Last I worked with Sencha SDK it was still version 1.2.3 beta. I had many difficulties with it and decided it certainly wasn’t ready, even for manual builds of my ASP.NET/ExtJS projects. Well, version 2.0.0 beta 3 has been out for a while now and I decided to give it a try.

The Good

I am now able to reference local .html files in the command line parameters.

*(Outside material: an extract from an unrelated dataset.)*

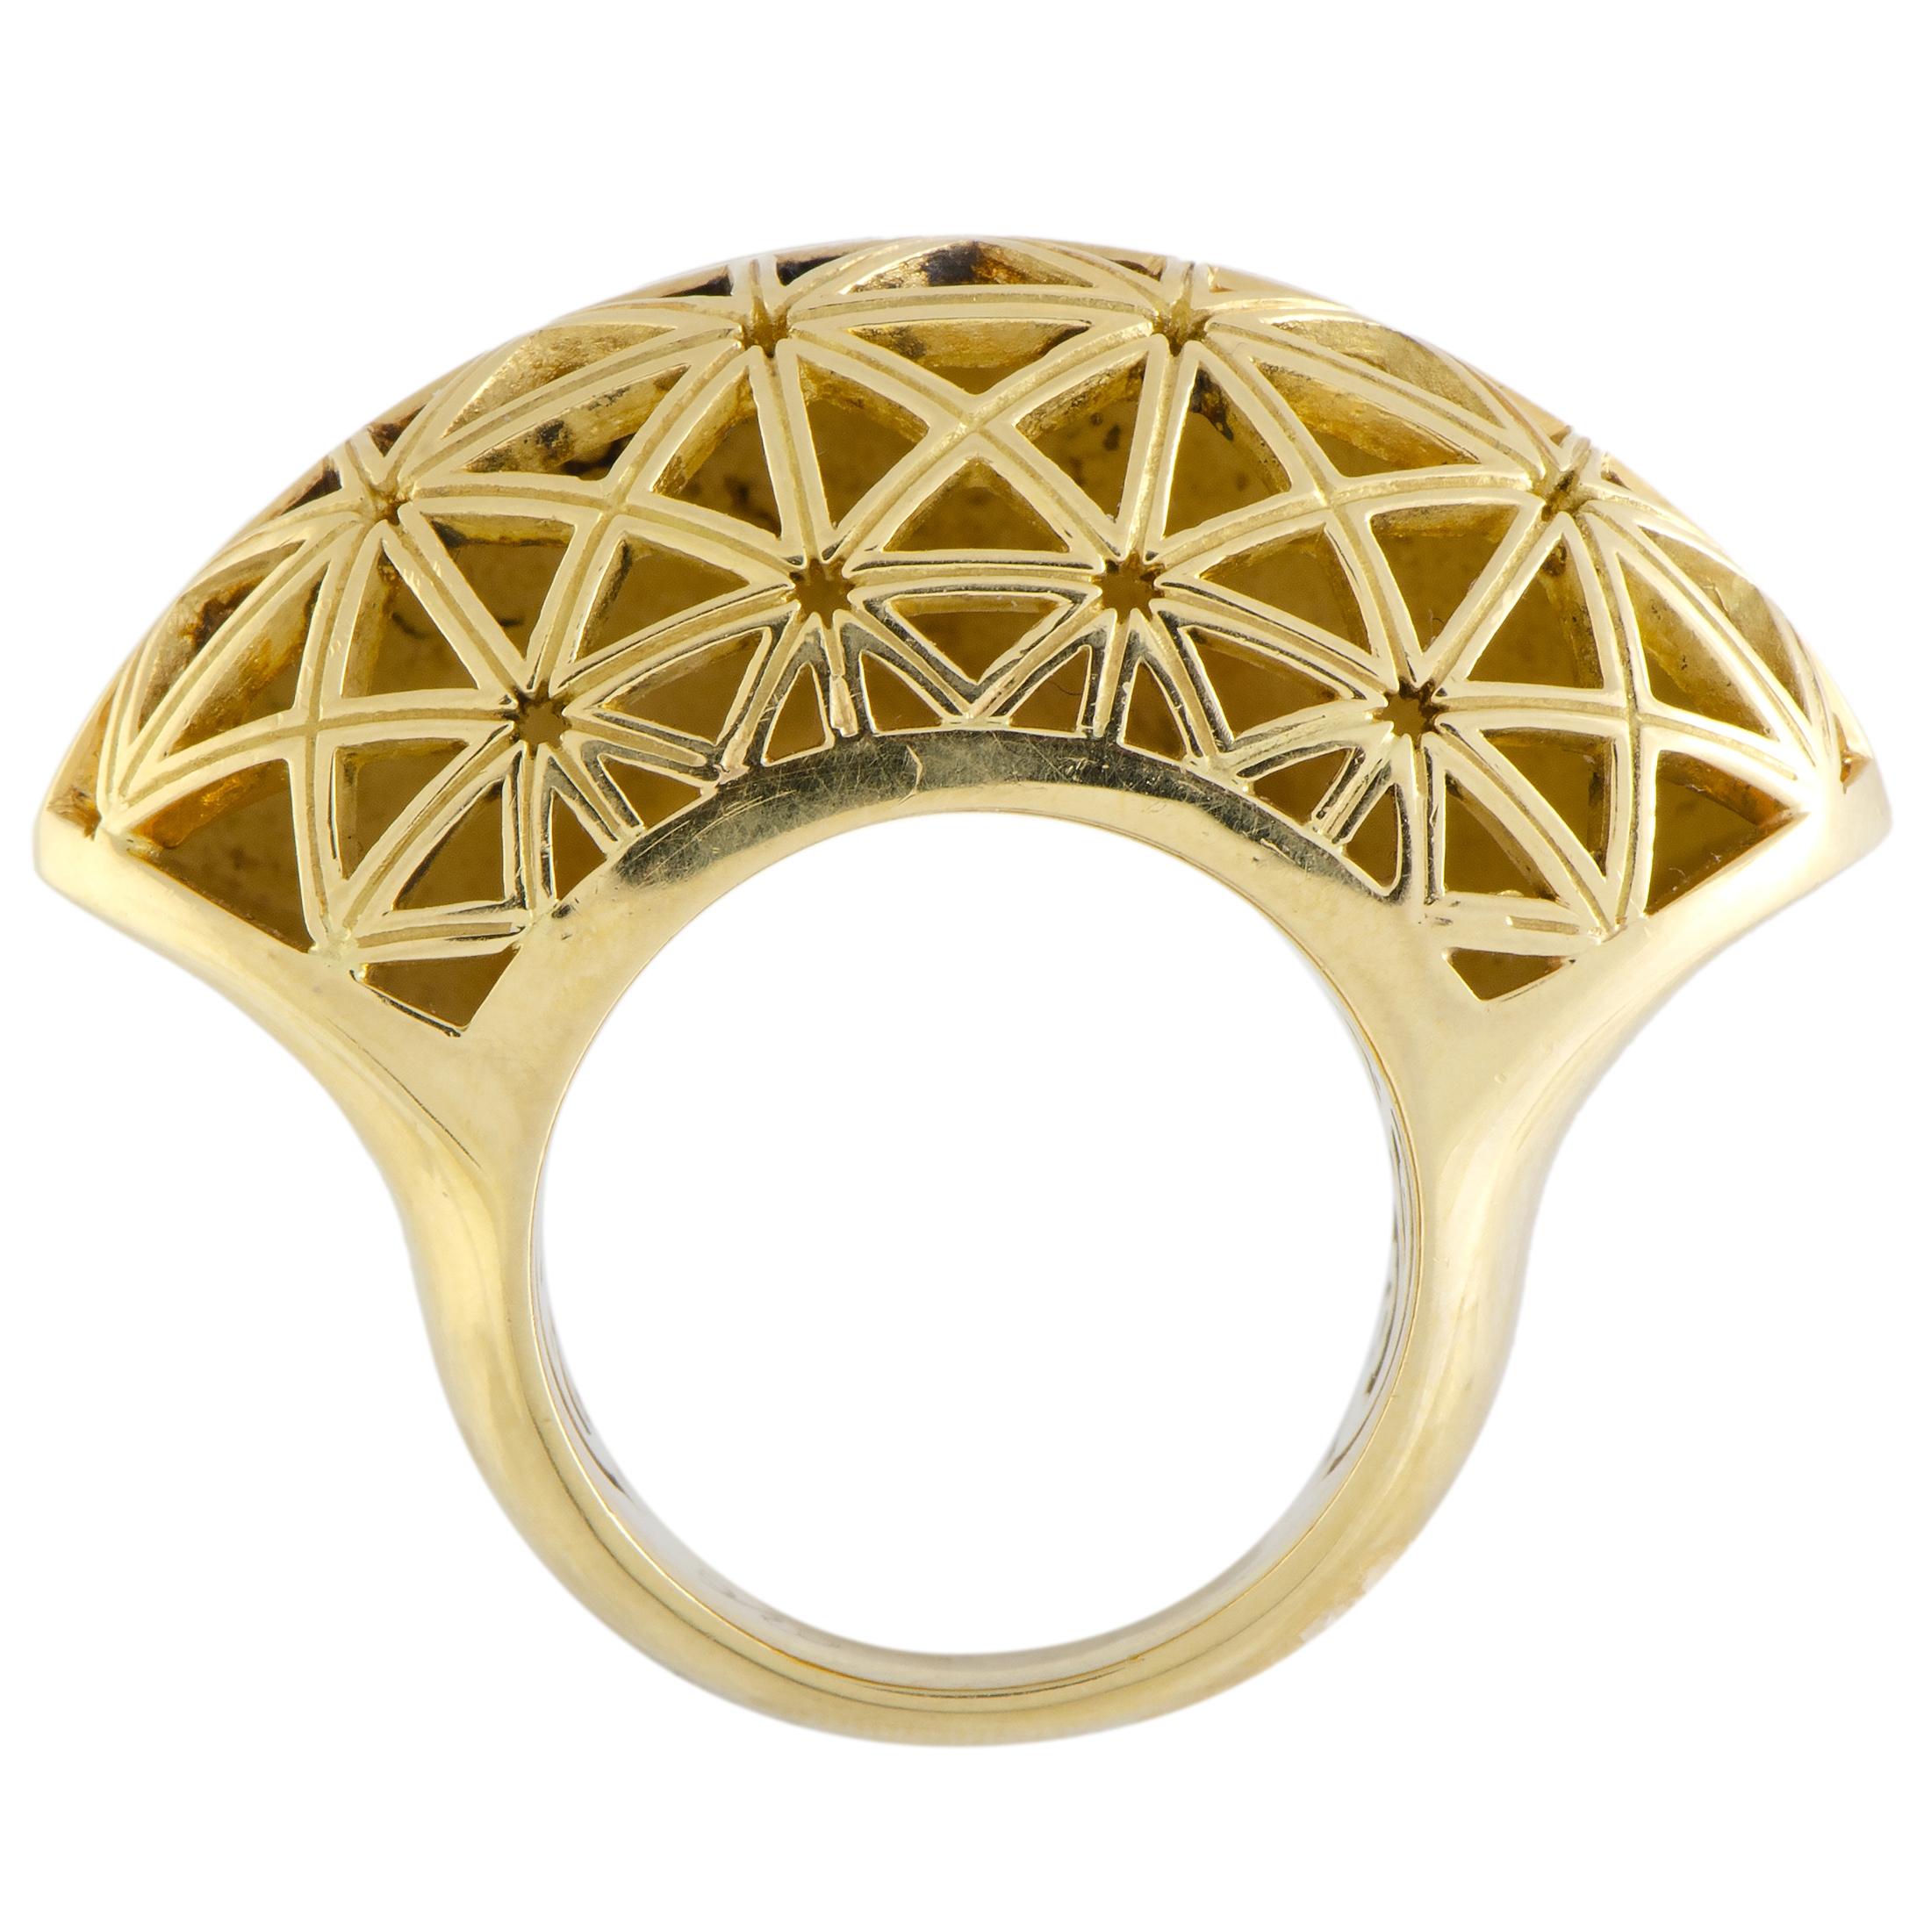 This majestic ring is artistically designed to embellish your finger by Carrera y Carrera. Extraordinarily crafted in beaming 18K yellow gold, the fabulous ring and its enthralling design is decorated with 1.00ct of dazzling diamonds that enhance

In last version I was only able to point it to an HTTP URL, which didn’t work for my Windows-authenticated websites.

The Bad

  1. I am unable to reference a local Default.aspx file – I get an error saying “URI incorrect” or something of the sort
  2. When I made a basic .html page with references to my JavaScript code, in a project that uses ExtJS 4.1 auto-loader without issue, all I got were the following vague errors in the console, when trying to build:
ReferenceError: Can't find variable: Ext

  phantomjs://webpage.evaluate():2
  phantomjs://webpage.evaluate():1
  C:\Program Files (x86)\SenchaSDKTools-2.0.0-beta3\compat\scripts\phantomjs-jsb.js:299

The Verdict

Sencha says it’s beta, so I would be very cautious about building any production code base with it. Even if you can get it to build, I’d run a full test pass on the resulting code.